Practice Management

Scope of automation no threat to advisers

Illustration of a boat passing icebergs.

The sophistication of automation for SMSF admin has not yet surpassed human judgment.

The current capability of automation within SMSF administration services was not yet at a point where it could be substituted for the judgment of a human adviser, according to a panel of executives.

During an SMSF session at the Accountants’ Technology Showcase Australia 2017 Conference in Sydney yesterday, Smithink founding director David Smith explained there was a tendency of relying more on the technology once processes were automated, resulting in compliance risks such as where automated documents did not comply with the fund’s trust deed.

“People are happily going along, producing documents from certain providers, but they don’t actually go back to see if it even complies with the deed,” Smith said.

“Are you worried about this issue?”

SuperConcepts chief executive Natasha Fenech said the SMSF administrator and software provider has been educating its clients on the issue.

“Education is key here, whether it’s the trustee or the accountant or financial adviser, and ensuring they know that the trust deed is the control document and checking if the technology they’re using is supporting them and aligned with that [the deed],” Fenech said.

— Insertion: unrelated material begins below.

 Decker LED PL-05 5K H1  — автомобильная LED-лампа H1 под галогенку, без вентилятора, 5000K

Smith then questioned whether the sophistication of automation could solve this problem automatically.

Class chief executive Kevin Bungard referred back to an example in the United States where artificial intelligence (AI) has been used to codify the US tax system.

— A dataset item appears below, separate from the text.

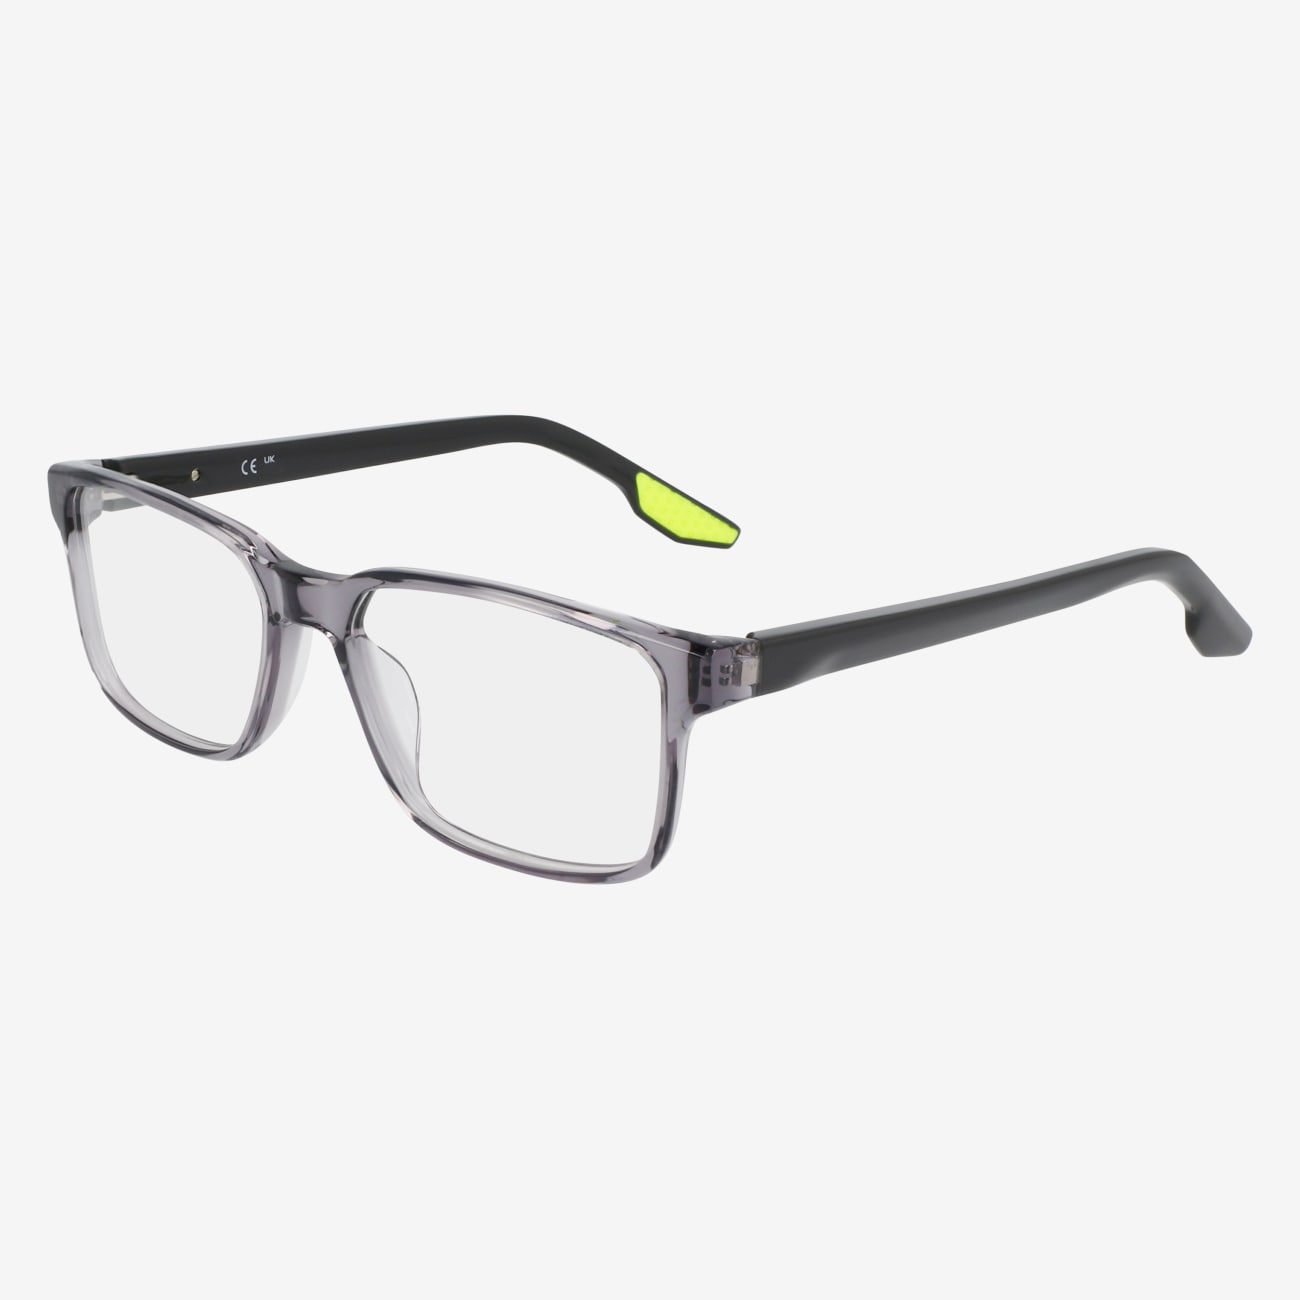 Men's Prescription Eyeglasses | Nike Vision

“I think if you’re just looking at the raft of all the deeds that are available for SMSFs and got AI to try to interpret that for us, it would be difficult,” Bungard warned.

“So at the moment we’re really relying on human judgment and relying on the firms doing the administration, as well as the trustees and advisers to really get this right.

“There’s not a lot we can do today in terms of interpreting a deed, so determining whether or not the actions you’re taking lines up with the deed, plus every week there’s news about a new interpretation or flow-on effects from what the legislation is doing and how that interacts with deeds.

“It’s too hard at the moment and really does need people to be on top of it.”

BGL Corporate Solutions managing director Ron Lesh added that his firm has tried to keep all its documents as general as possible.

“So they don’t refer to clauses and deeds, et cetera, but we do make the assumption that the deed allows you to do that particular thing you’re doing – maybe that’s a wrong assumption,” Lesh noted.

“But with most things, we’re still suggesting that clients go back to their deed provider and go back to their specialist advisers and lawyers to check over it to make sure what’s going on is correct.

“And certainly if you’ve got an old deed, there can be a lot of issues from it.”

Commenting on how far SMSF administration can be automated, Fenech revealed SuperConcepts has built a lot of workflow capabilities to automate even more processes.

“As an administrator, we see all the processes, a lot of which can be automated, so we’re certainly on that journey to automate quite a core element of those processes,” she said.

“My view is that while you can automate a large chunk of it, you’ll still need human judgment because there will always be those exceptions.

“But it’s also about the coordination of automated administration and automated audits – I think we need to move to real-time audit, for example, and have the two processes going together because that’s where you start to drive benefits.”